Пляж в Денискизи. Вечером пляжные зонты, сложенные, замирают, точно монахини в белых клобуках. Прикрыв лица, ожидают они пришествия чего-то огромного, влажного и солёного, которое, приблизившись на шаг, тут же отступает во тьму, не давая до конца удостовериться в собственном существовании
Маре Монте, некогда роскошный отель, ныне заброшенное пространство, означенное тут и там кругляшками овечьего помёта. Песок, наполовину состоящий из крошечных раковин, так же в свой срок оставленных своими обитателями. Здесь, на берегу, можно наблюдать раковины всех размеров и свойств — от тех, что легко проходят сквозь булавочное ушко, до тех, что способны вместить почтенное семейство с детьми — со всеми удобствами, изобретёнными цивилизацией.
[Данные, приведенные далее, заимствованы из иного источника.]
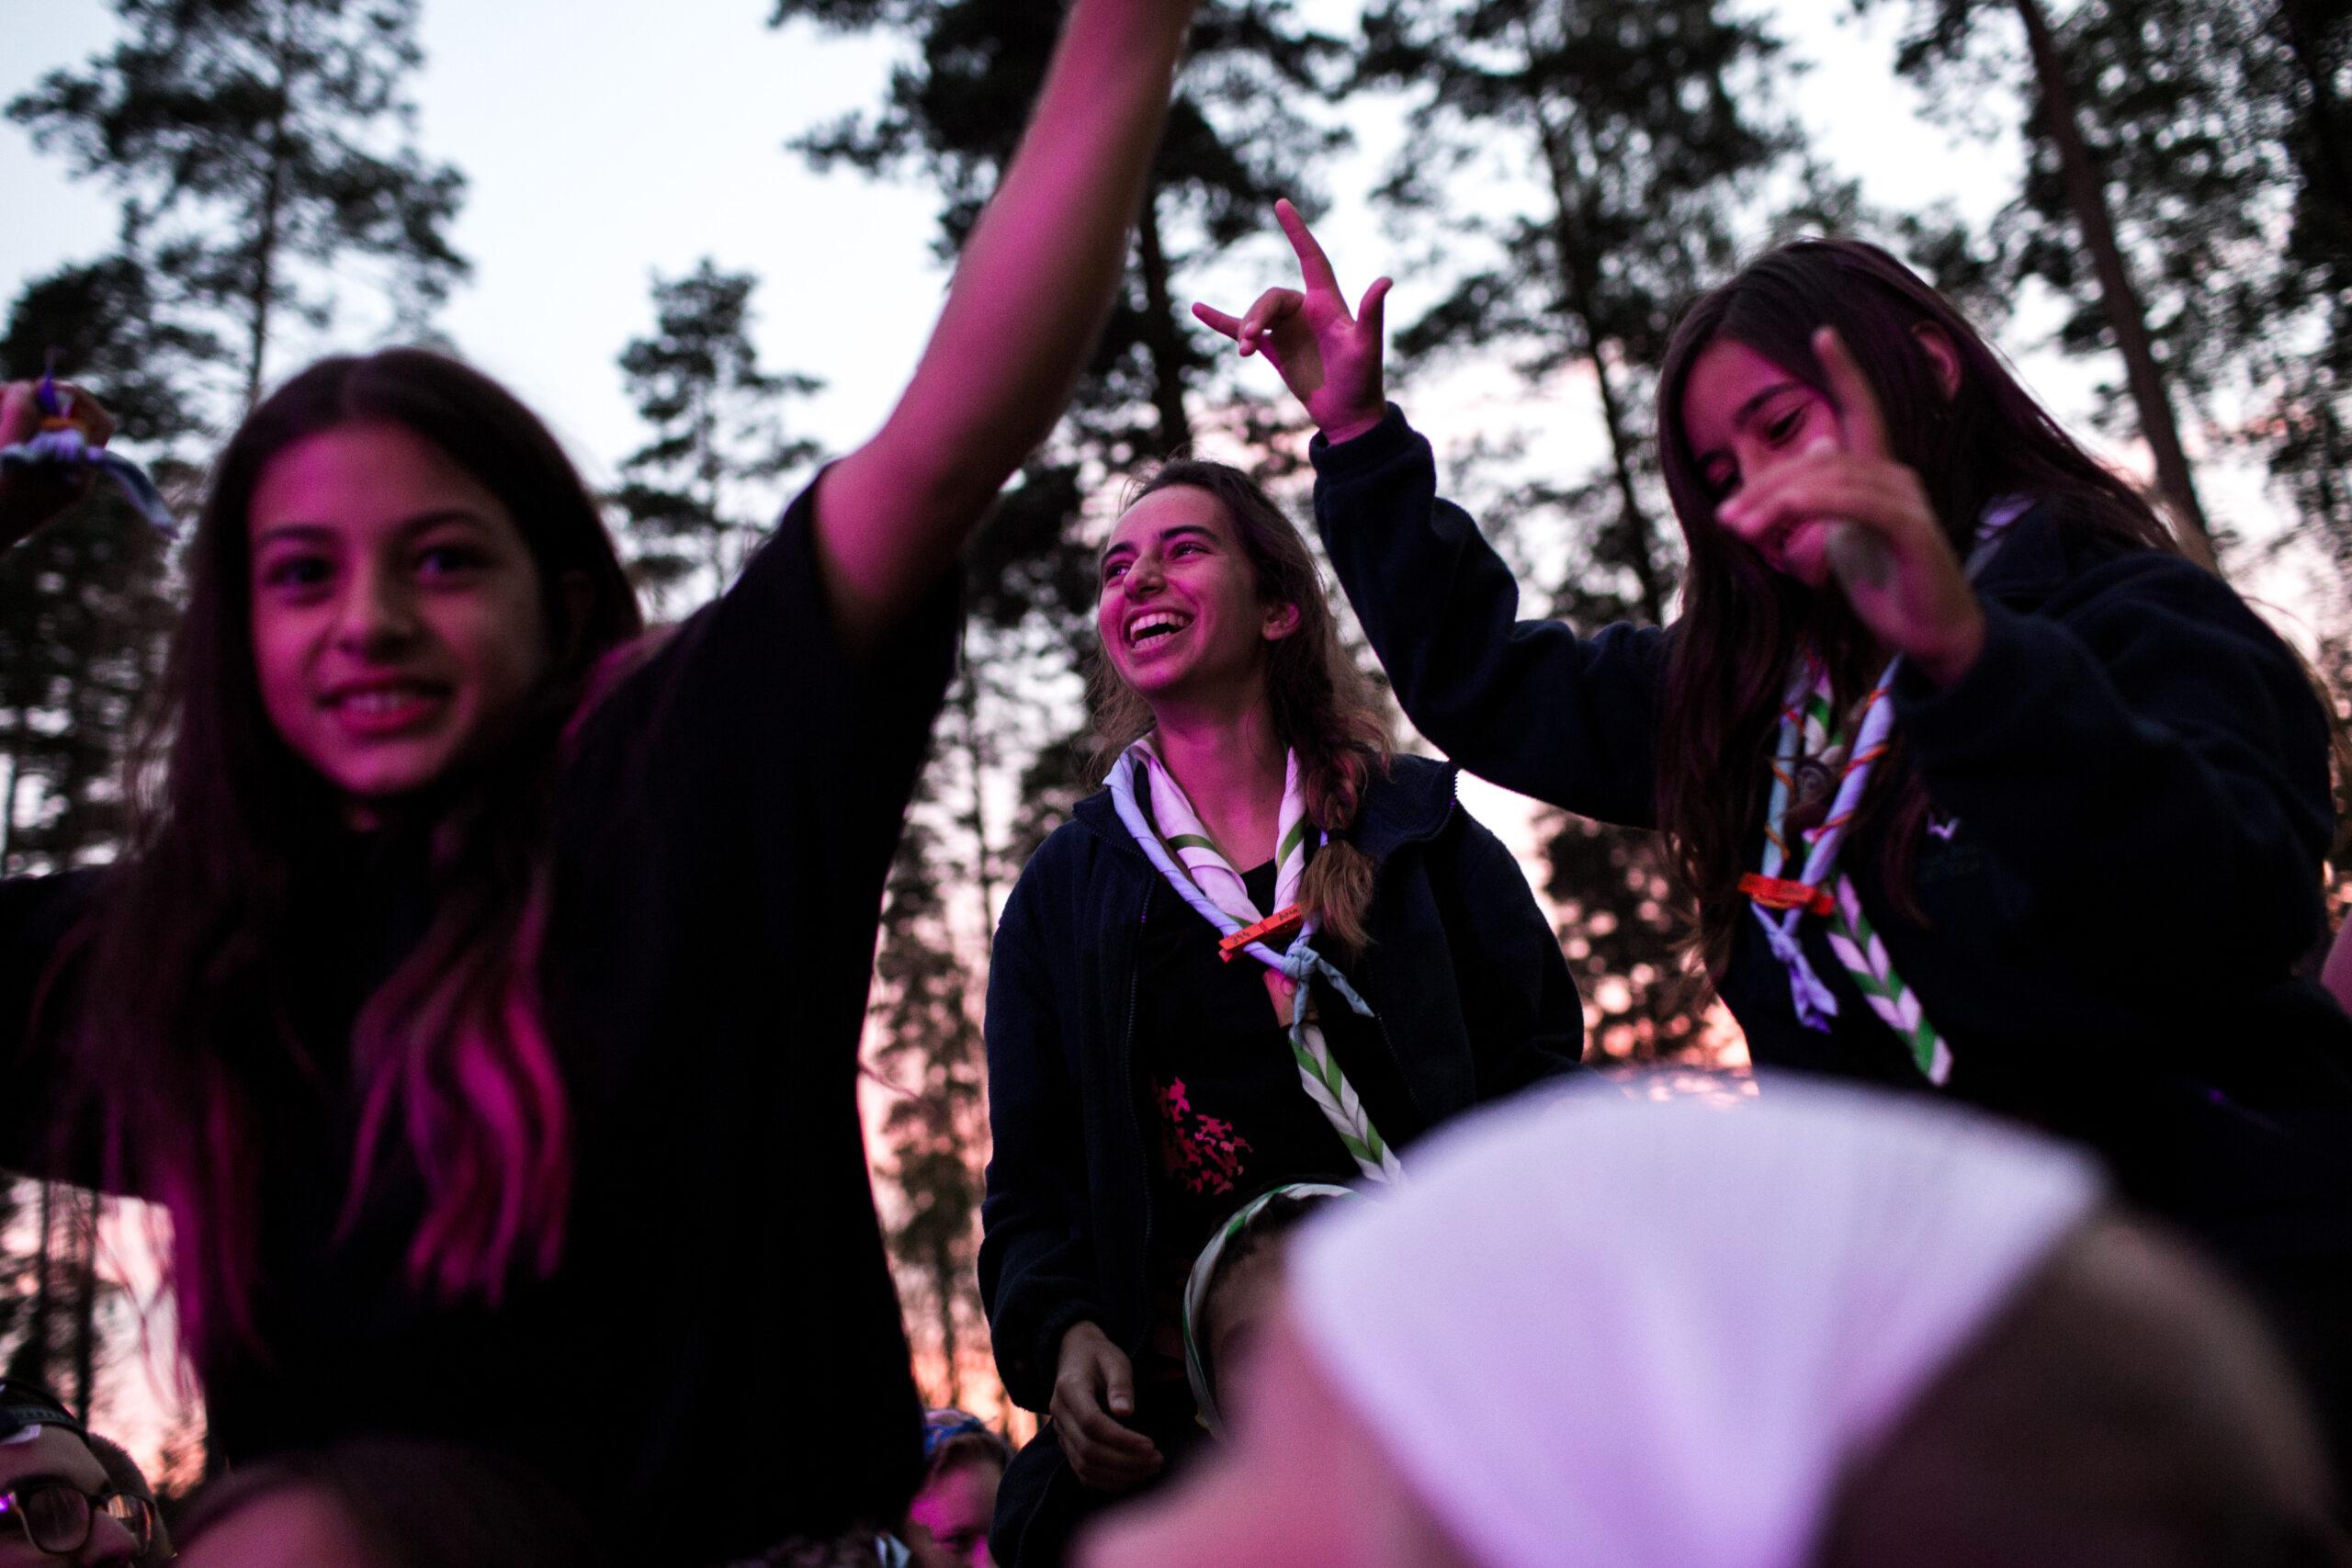 Kolme iloista partiolaista tanssimassa iltahämärässä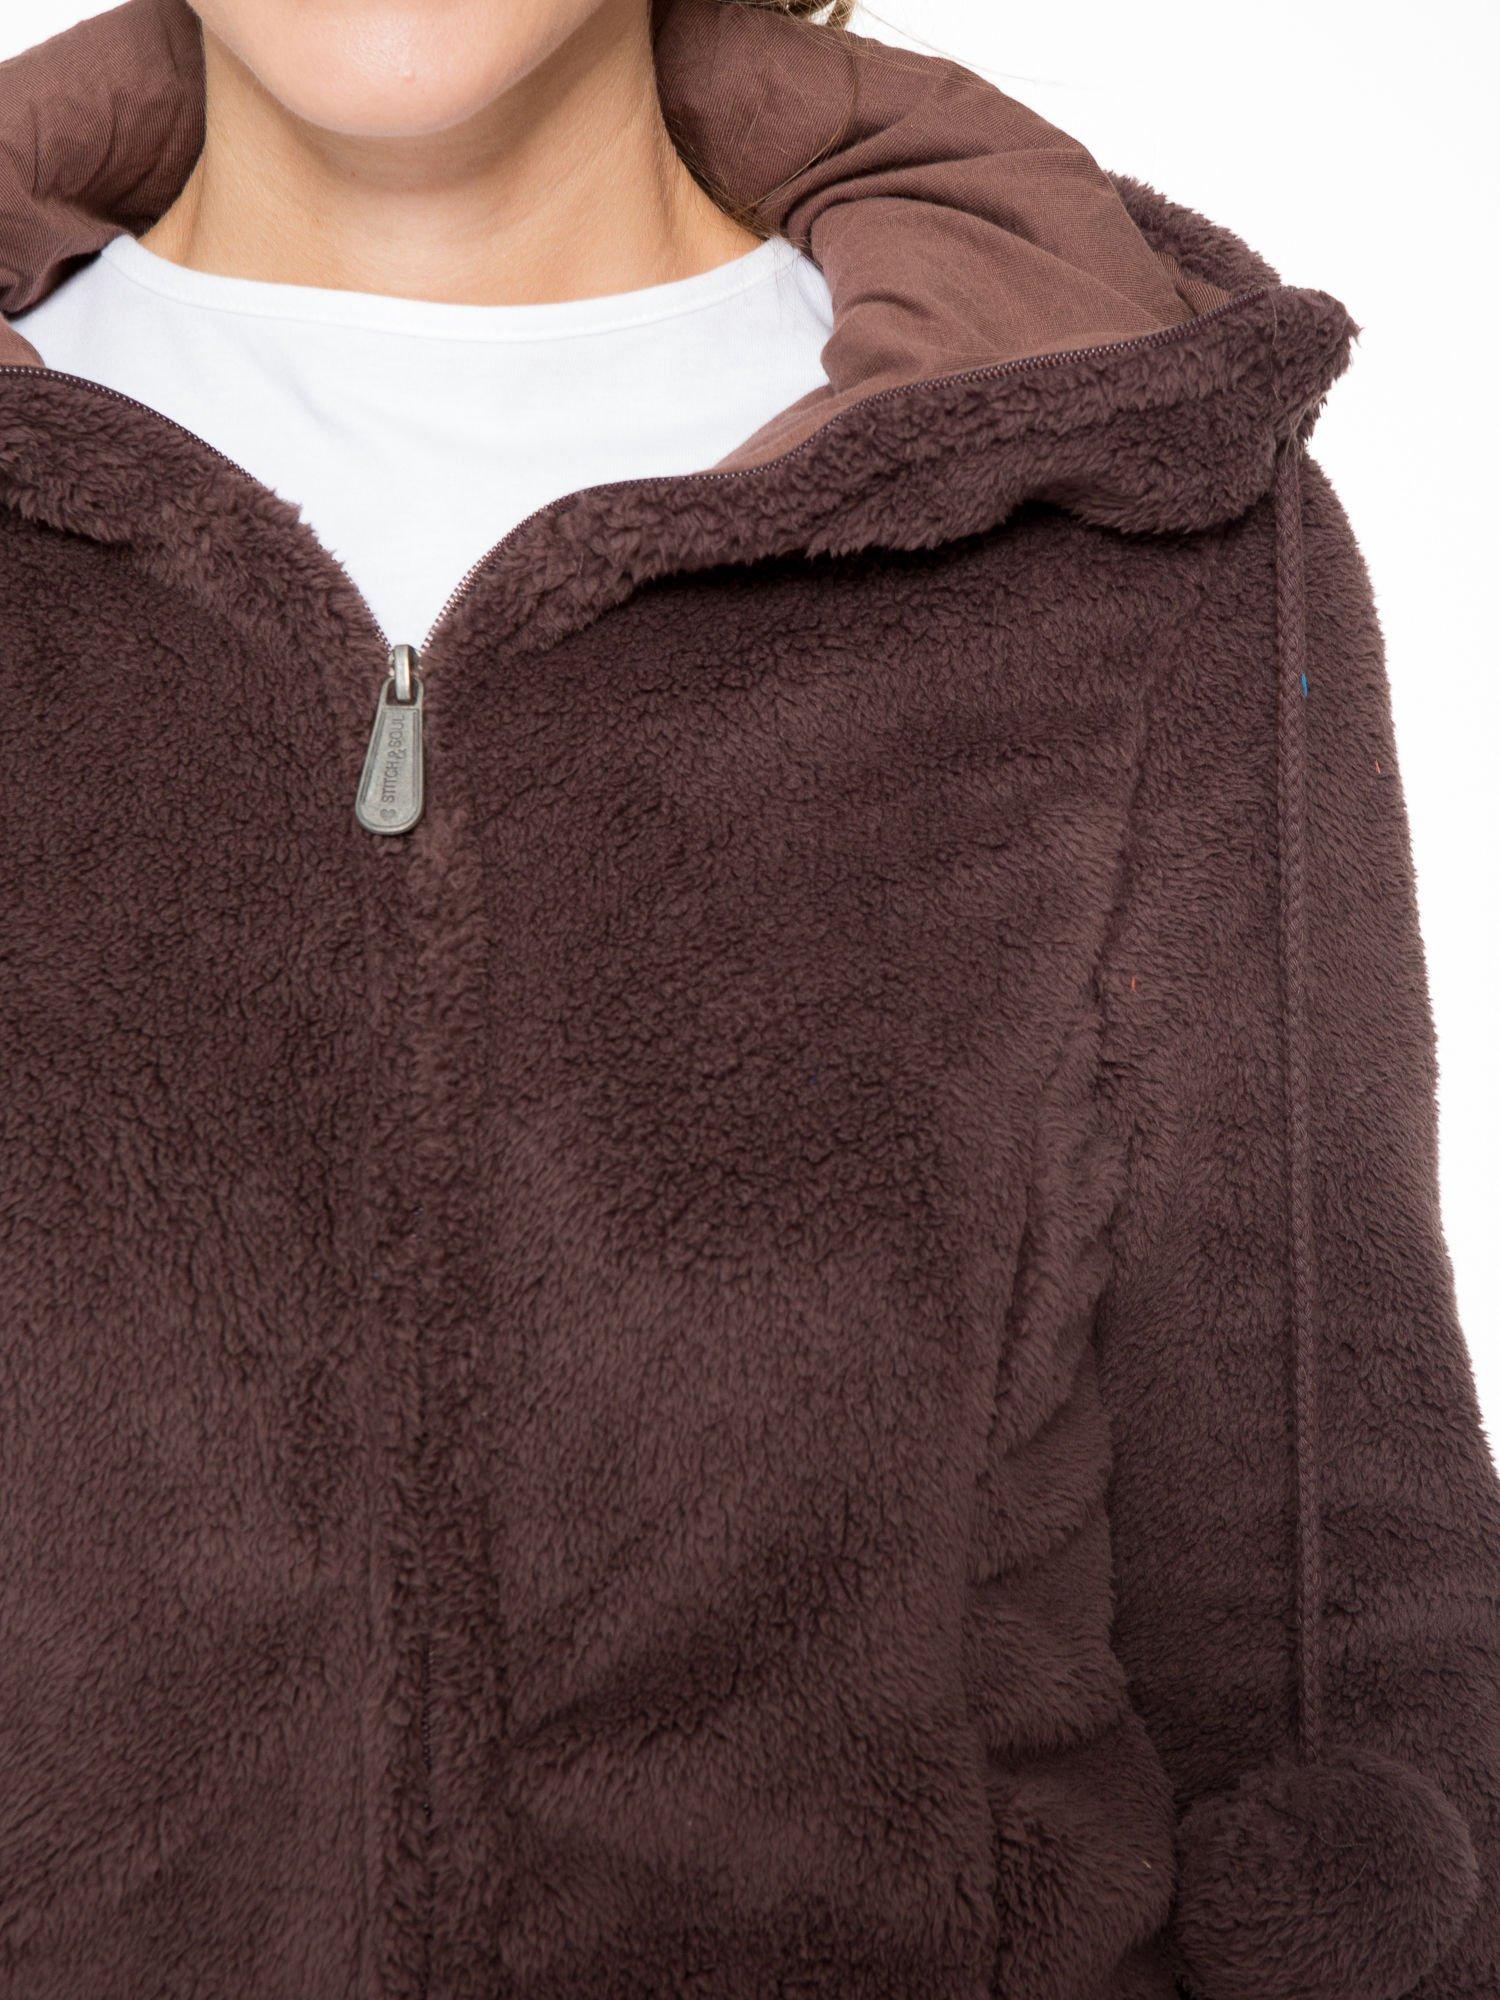 Ciemnobrązowa polarowa bluza miś z kapturem z uszkami i pomponami                                  zdj.                                  7

Красная земля цветом напоминала о ржавчине, об адаме кадмоне, о железе, которое прописывают вялым и плохо растущим детям, о коротеньких оливковых деревьях, которые, точно карликовые овцы с колючей свалявшейся шерстью, паслись там и сям, глубоко погрузив вытянутые морды в краснозём. Красная земля была повсюду, высыхая и распыляясь, проникая между волокнами тканей, так что можно было принять её за следы загара. Вот какова была красная земля. Её свойство — питать виноград с плотными гроздьями в небольших веснушках, небольшие крепкие ягоды отделены плотной кожицей, точно непомерно разросшиеся клетки, внутри которых угадывались небольшие тёмные органы живого существа.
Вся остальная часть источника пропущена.